Oleh : Yuhyin Nufus

Penulis merupakan Mahasiswa Magister Hukum Ekonomi Syariah, IAIN Langsa

Penerapan Investasi Syariah di Aceh merupakan sebuah langkah yang memiliki landasan filosofis, teologis, dan yuridis yang kuat, tentunya berpotensi menjadi solusi strategis menuju kemakmuran masyarakat. Landasan Filosofis dan Teologis investasi ini pada dasarnya bersumber dari prinsip-prinsip Syariah Islam, melalui ajaran yang dibawa oleh Rasulullah Muhammad SAW. Keadilan dan Penghindaran Eksploitasi menjadi prinsip utama investasi syariah dengan menghindari praktik yang mengandung unsur gharar (ketidakpastian yang berlebihan), maysir (judi), dan riba (bunga). 

Penghindaran riba bertujuan menciptakan sistem keuangan yang lebih adil, di mana keuntungan didasarkan pada pembagian risiko (profit and loss sharing) dan nilai tambah riil dari aset atau usaha, bukan semata-mata dari peminjaman uang. Hal ini sejalan dengan etika bisnis Islami yang mengutamakan keadilan ('adl) dan kemaslahatan (maslaha).

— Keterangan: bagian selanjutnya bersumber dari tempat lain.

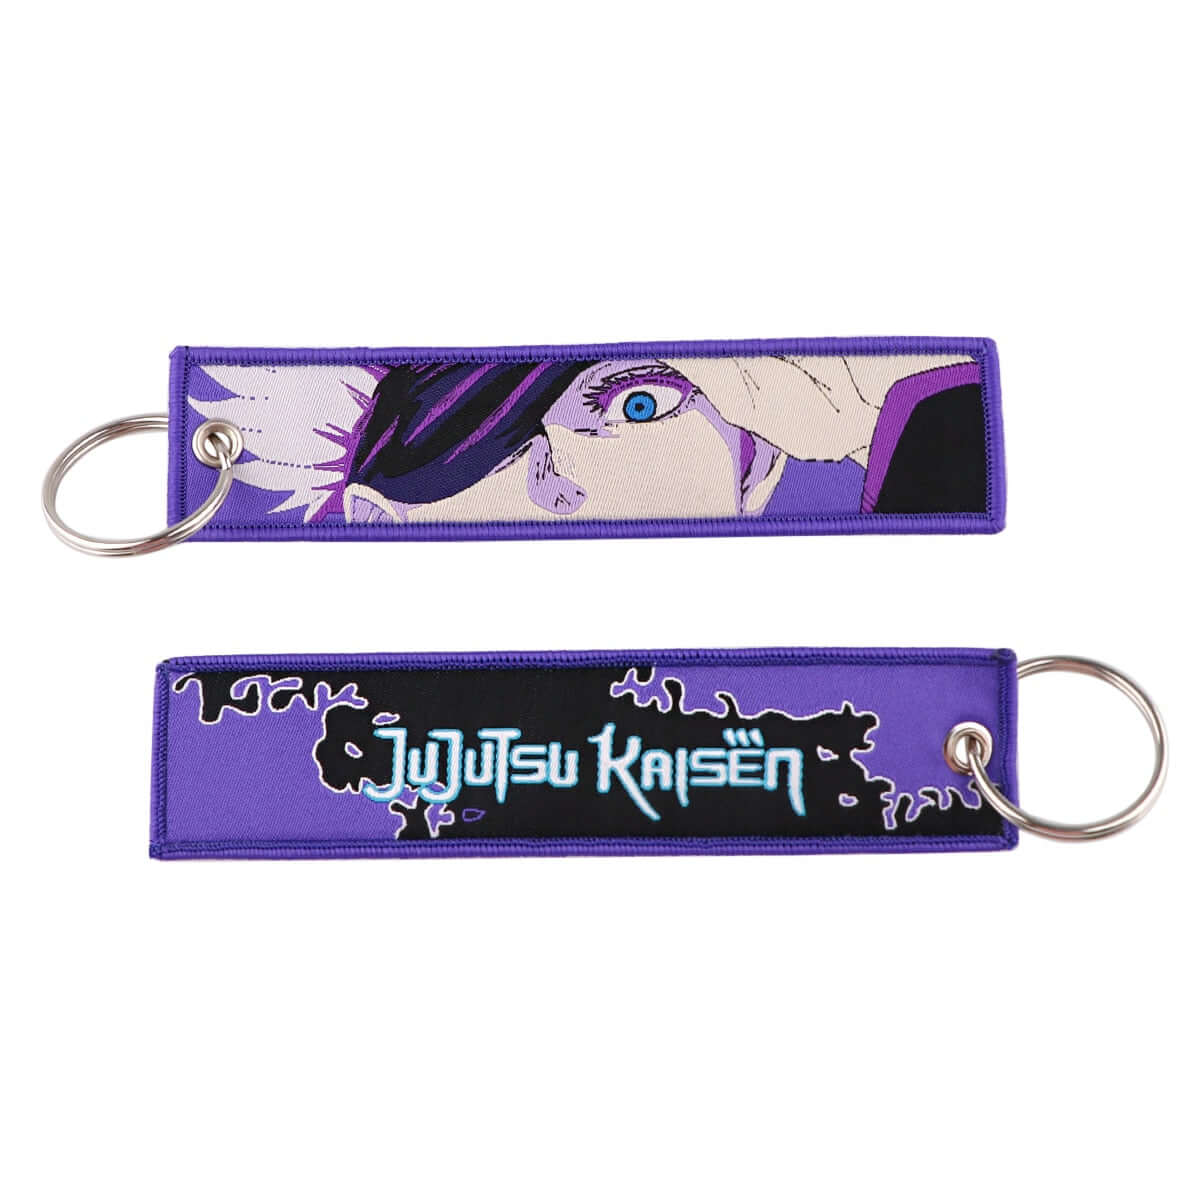 Coole Anime Schlüsselanhänger / 100 Varianten / Beidseitig bestickt - NerdyGeekStore

Investasi pada Sektor Produktif, syariah mendorong investasi pada sektor-sektor yang halal dan bermanfaat bagi masyarakat seperti infrastruktur, pertanian, manufaktur yang etis, serta melarang sektor yang destruktif seperti alkohol, perjudian, pornografi). Gunanya  memastikan bahwa pertumbuhan ekonomi yang dicapai adalah benar-benar pertumbuhan yang berkah dan berkelanjutan, serta mendukung kesejahteraan.

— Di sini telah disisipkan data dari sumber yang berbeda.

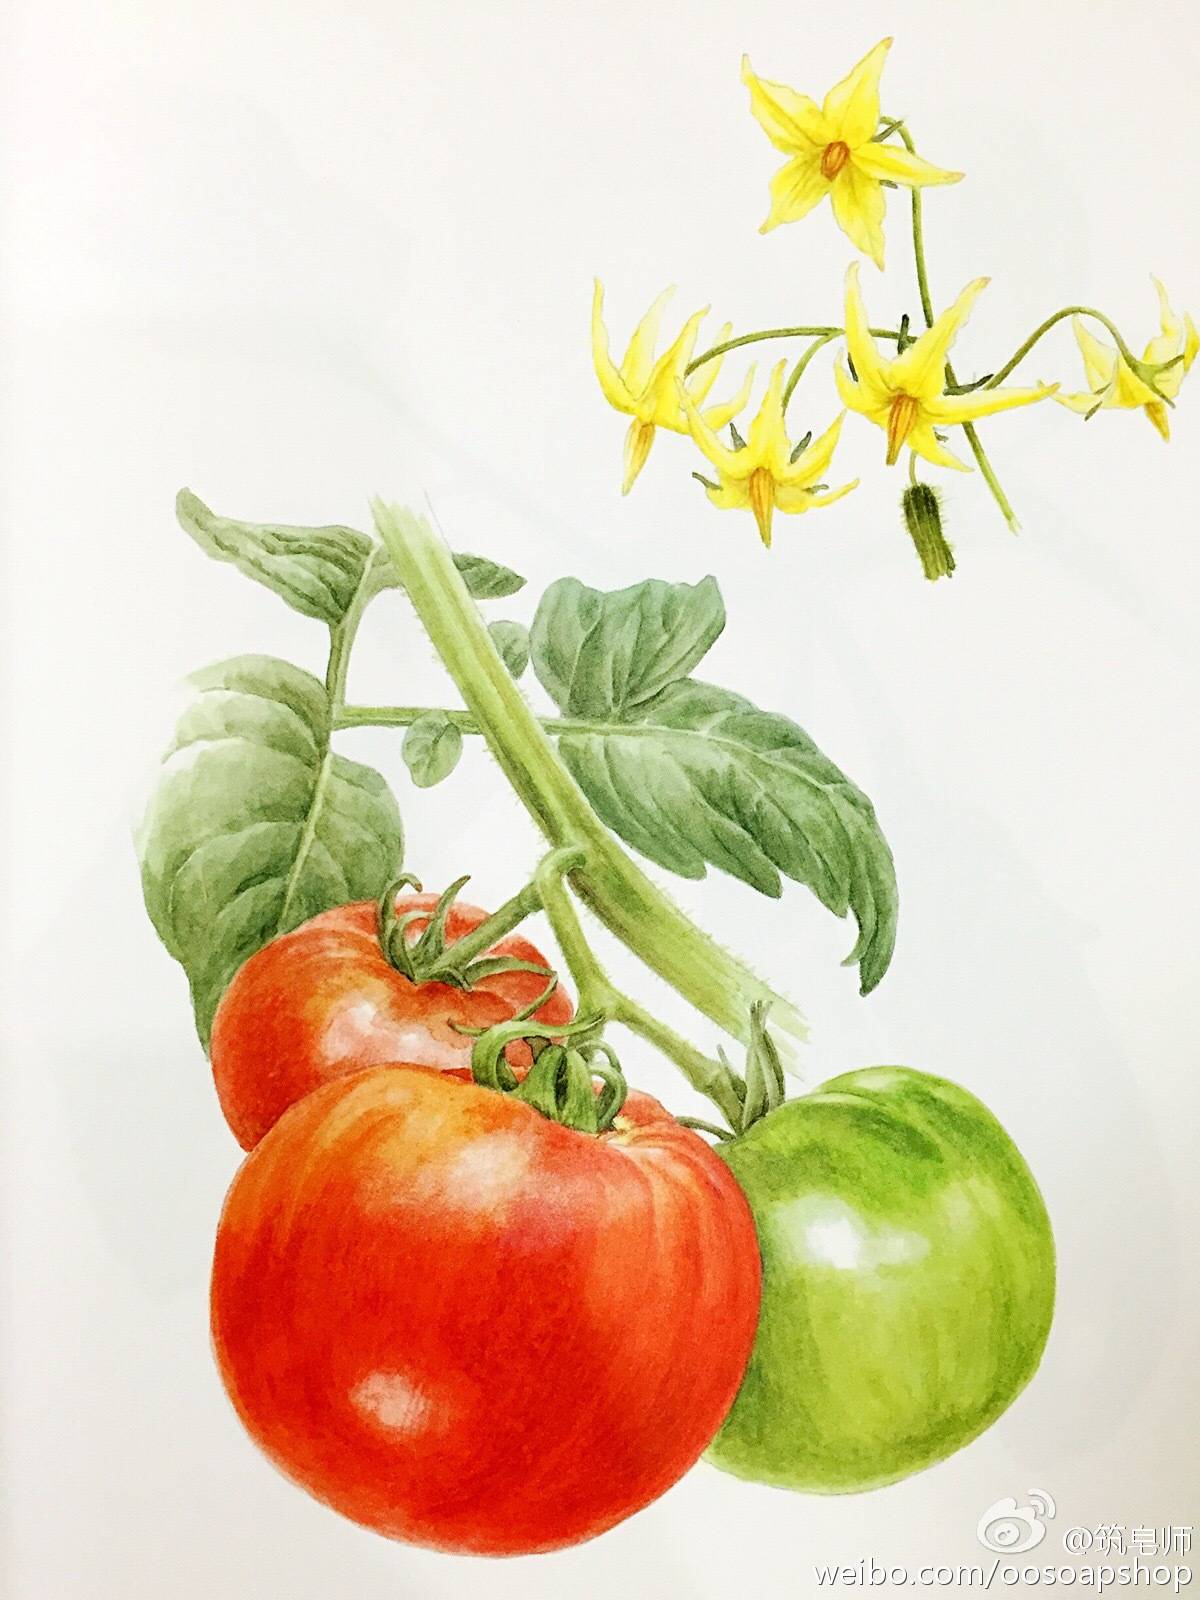 蔬果绘 茄子彩铅手绘 来自微博 @筑皂师

Sedangkan pada landasan Yuridis tentunya di Aceh, penerapan investasi syariah memiliki pijakan hukum yang sangat kuat, sehingga menjadikannya unik di Indonesia. Sebagaimana yang tertera pada Undang-undang Nomor 11 Tahun 2006 tentang Pemerintahan Aceh (UUPA), UUPA memberikan kekhususan kepada Aceh untuk menerapkan Syariat Islam dalam bidang ekonomi dan keuangan. 

Kemudian terkait Peraturan Daerah (Perda) Aceh juga menuangkan berbagai Perda dikeluarkan untuk mengimplementasikan prinsip syariah dalam produk keuangan dan investasi, serta memberikan kerangka hukum yang jelas tentunya bagi para pelaku usaha dan investor. Kepercayaan Investor, mencakup pada kerangka hukum syariah yang eksplisit memberikan kepastian hukum dan legitimasi bagi investor Muslim, baik domestik maupun internasional, yang mencari opsi investasi yang sesuai dengan keyakinan mereka. 

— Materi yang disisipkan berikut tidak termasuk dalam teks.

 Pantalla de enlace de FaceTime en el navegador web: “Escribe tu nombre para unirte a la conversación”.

Untuk melihat bagaimana potensi sebagai solusi kemakmuran, terkait ini dapat ditinjau pada Integrasi prinsip syariah dalam investasi dapat menjadi solusi kemakmuran Aceh melalui beberapa cara:

1. Peningkatan Stabilitas Finansial, dengan menghindari spekulasi berlebihan yang didorong oleh riba dan gharar, pasar keuangan syariah cenderung lebih stabil dan tahan terhadap gejolak krisis global yang sering dipicu oleh instrumen keuangan derivatif berbasis utang.

2. Pengembangan Ekonomi Riil, Karena fokusnya pada profit and loss sharing dan kepemilikan aset, investasi syariah cenderung lebih mengalir ke sektor riil (investasi nyata), yang secara langsung menciptakan lapangan kerja dan meningkatkan output ekonomi lokal.

3. Inklusi Keuangan, Sistem syariah dapat menjangkau kelompok masyarakat yang selama ini terpinggirkan dari perbankan konvensional karena prinsip kehati-hatian mereka terhadap riba, sehingga mendorong inklusi keuangan yang lebih luas.

Meskipun Investasi Syariah menawarkan jalur ideal menuju kemakmuran, implementasinya di Aceh tentunya tidak terlepas dari tantangan. Tantangan utamanya adalah memastikan implementasinya benar-benar sesuai dengan standar Syariah (kepatuhan/sertifikasi yang ketat) dan meningkatkan literasi keuangan syariah di kalangan masyarakat luas serta memperkuat infrastruktur pendukungnya agar mampu bersaing dan menarik investasi skala besar. Jika dijalankan dengan baik, investasi syariah bisa menjadi roda penggerak ekonomi Aceh yang berlandaskan nilai-nilai luhur dan memberikan hasil yang berkelanjutan (barakah).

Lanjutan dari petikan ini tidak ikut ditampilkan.